### DATA EXCERPT:
______
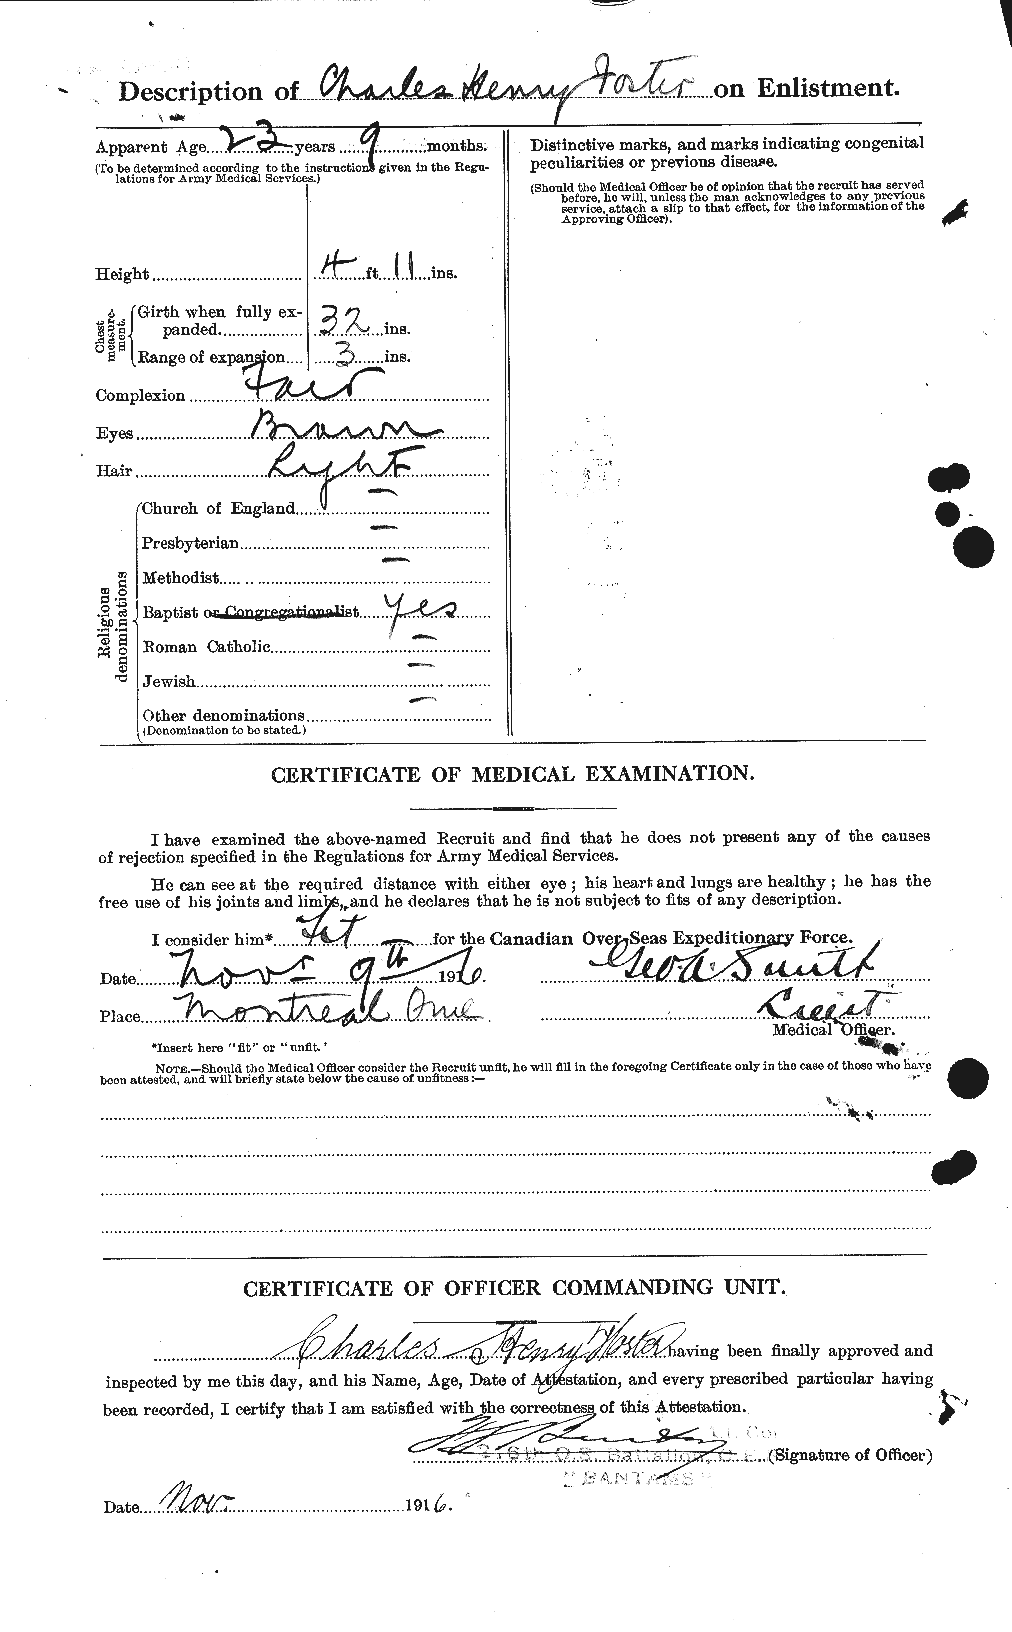 Dossiers du Personnel de la Première Guerre mondiale - CEC 330518b
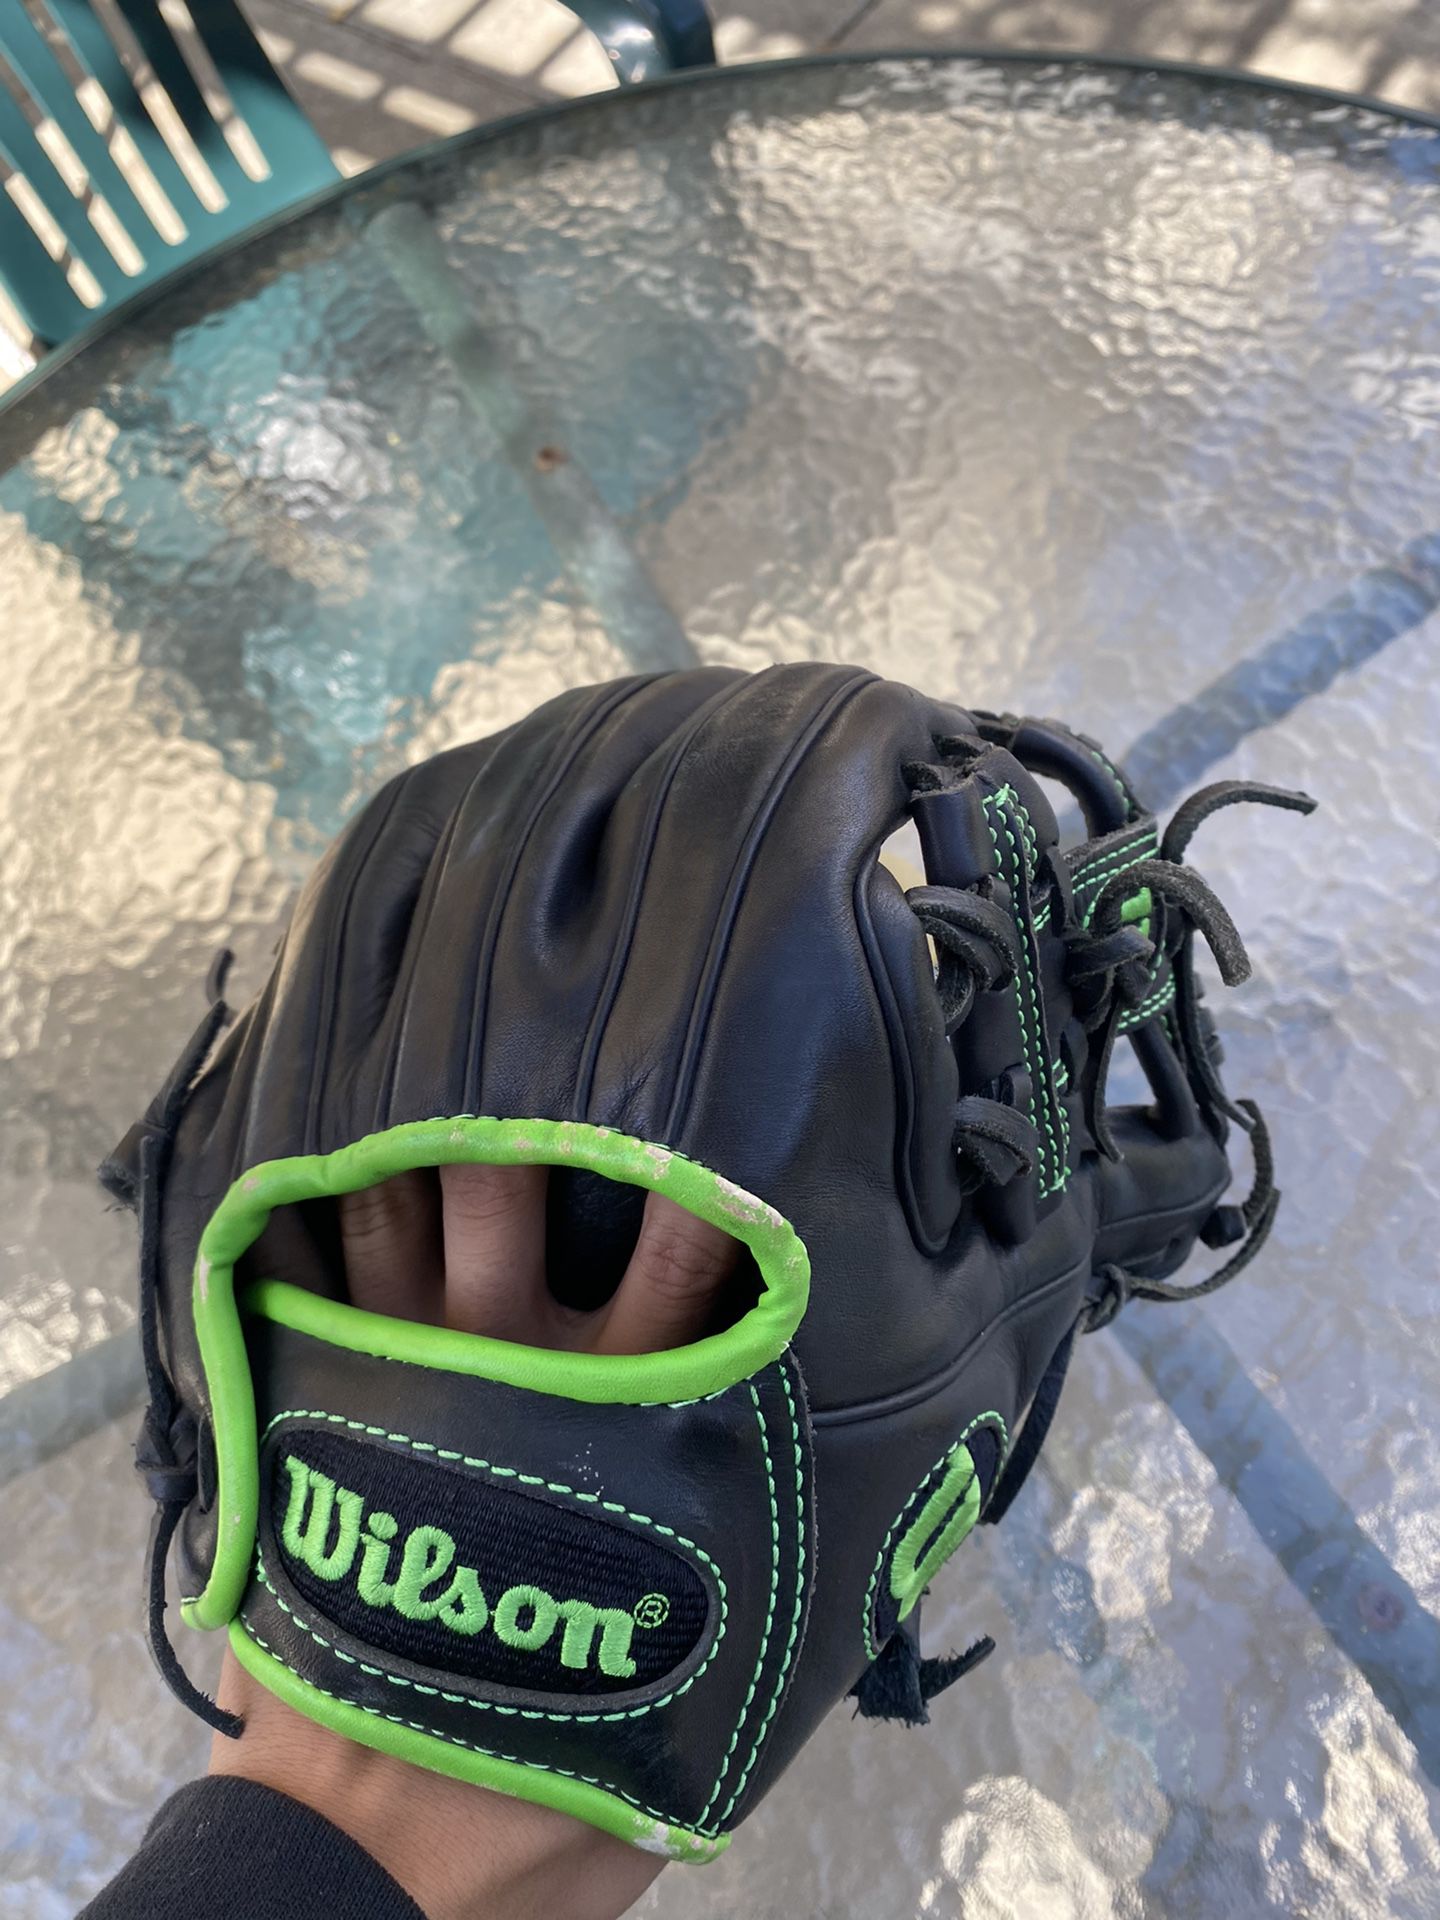 wilson baseball glove
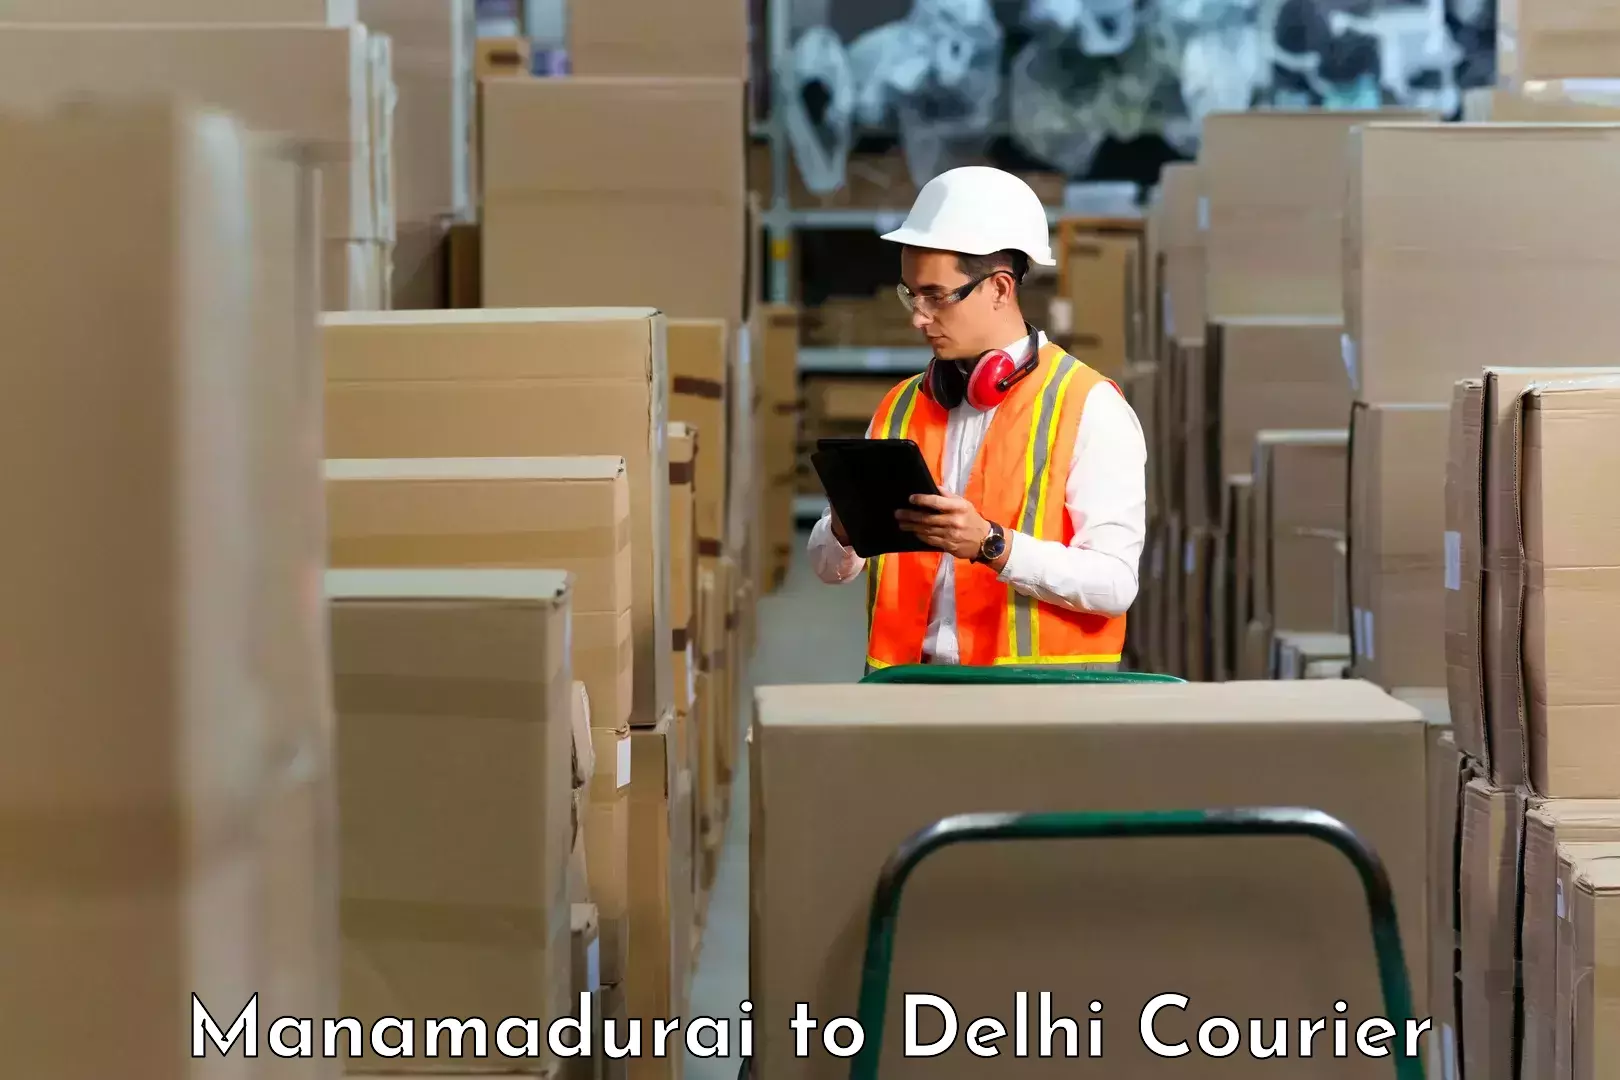 Customer-focused courier Manamadurai to University of Delhi
______
### TRY IT:
Copy out the material exactly as it stands, though no picture should appear in the copy.

### RESPONSE TO THE TASK:
 Dossiers du Personnel de la Première Guerre mondiale - CEC 330518b
 wilson baseball glove
 Customer-focused courier Manamadurai to University of Delhi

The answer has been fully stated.